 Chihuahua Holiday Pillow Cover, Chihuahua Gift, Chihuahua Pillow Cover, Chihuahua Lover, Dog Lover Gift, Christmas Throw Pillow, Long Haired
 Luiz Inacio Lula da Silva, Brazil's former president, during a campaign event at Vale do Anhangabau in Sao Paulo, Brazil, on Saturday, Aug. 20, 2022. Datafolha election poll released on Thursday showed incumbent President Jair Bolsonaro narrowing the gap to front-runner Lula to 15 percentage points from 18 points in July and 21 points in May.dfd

....

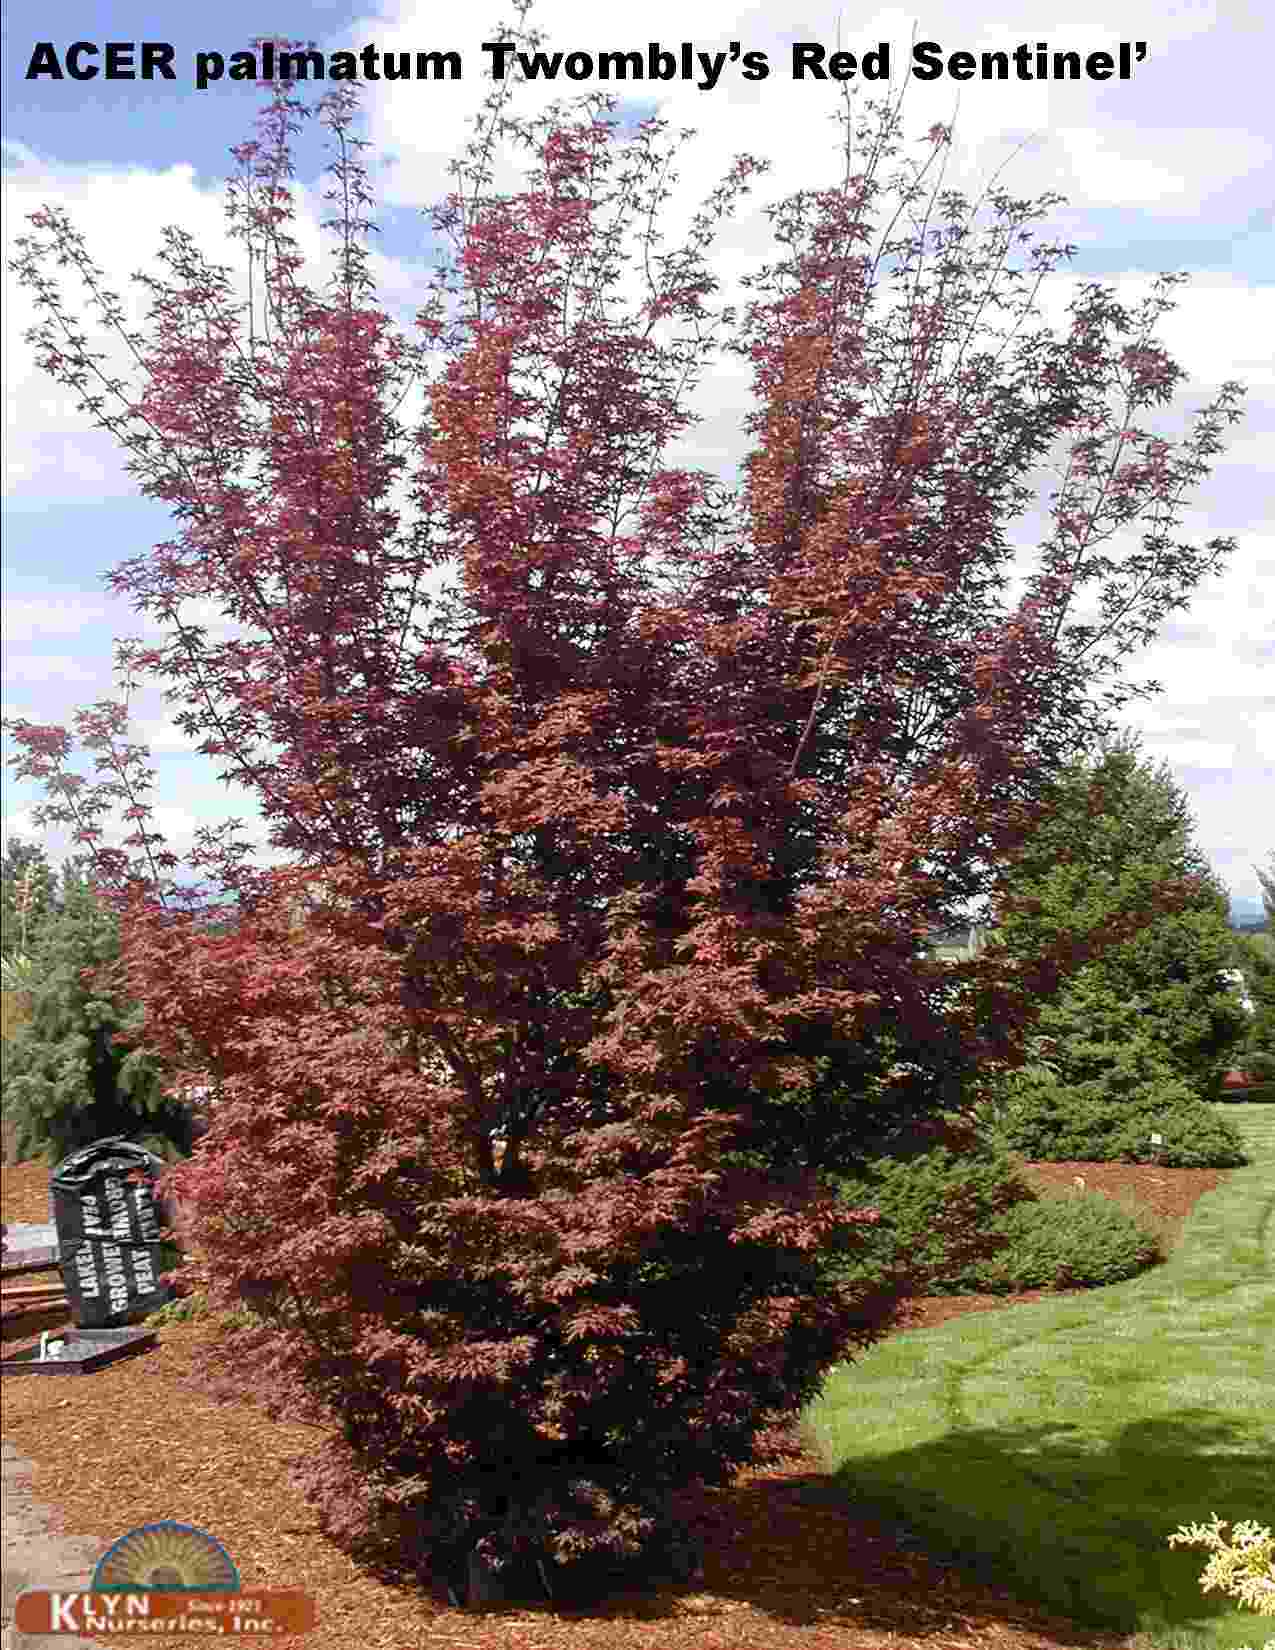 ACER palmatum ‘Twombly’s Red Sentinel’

....

THE PROBLEM: Of the lines above, retype only those from the line containing "Chihuahua Holiday Pillow" through the line containing "Luiz Inacio Lula", including both, exactly.

ANSWER:
 Chihuahua Holiday Pillow Cover, Chihuahua Gift, Chihuahua Pillow Cover, Chihuahua Lover, Dog Lover Gift, Christmas Throw Pillow, Long Haired
 Luiz Inacio Lula da Silva, Brazil's former president, during a campaign event at Vale do Anhangabau in Sao Paulo, Brazil, on Saturday, Aug. 20, 2022. Datafolha election poll released on Thursday showed incumbent President Jair Bolsonaro narrowing the gap to front-runner Lula to 15 percentage points from 18 points in July and 21 points in May.dfd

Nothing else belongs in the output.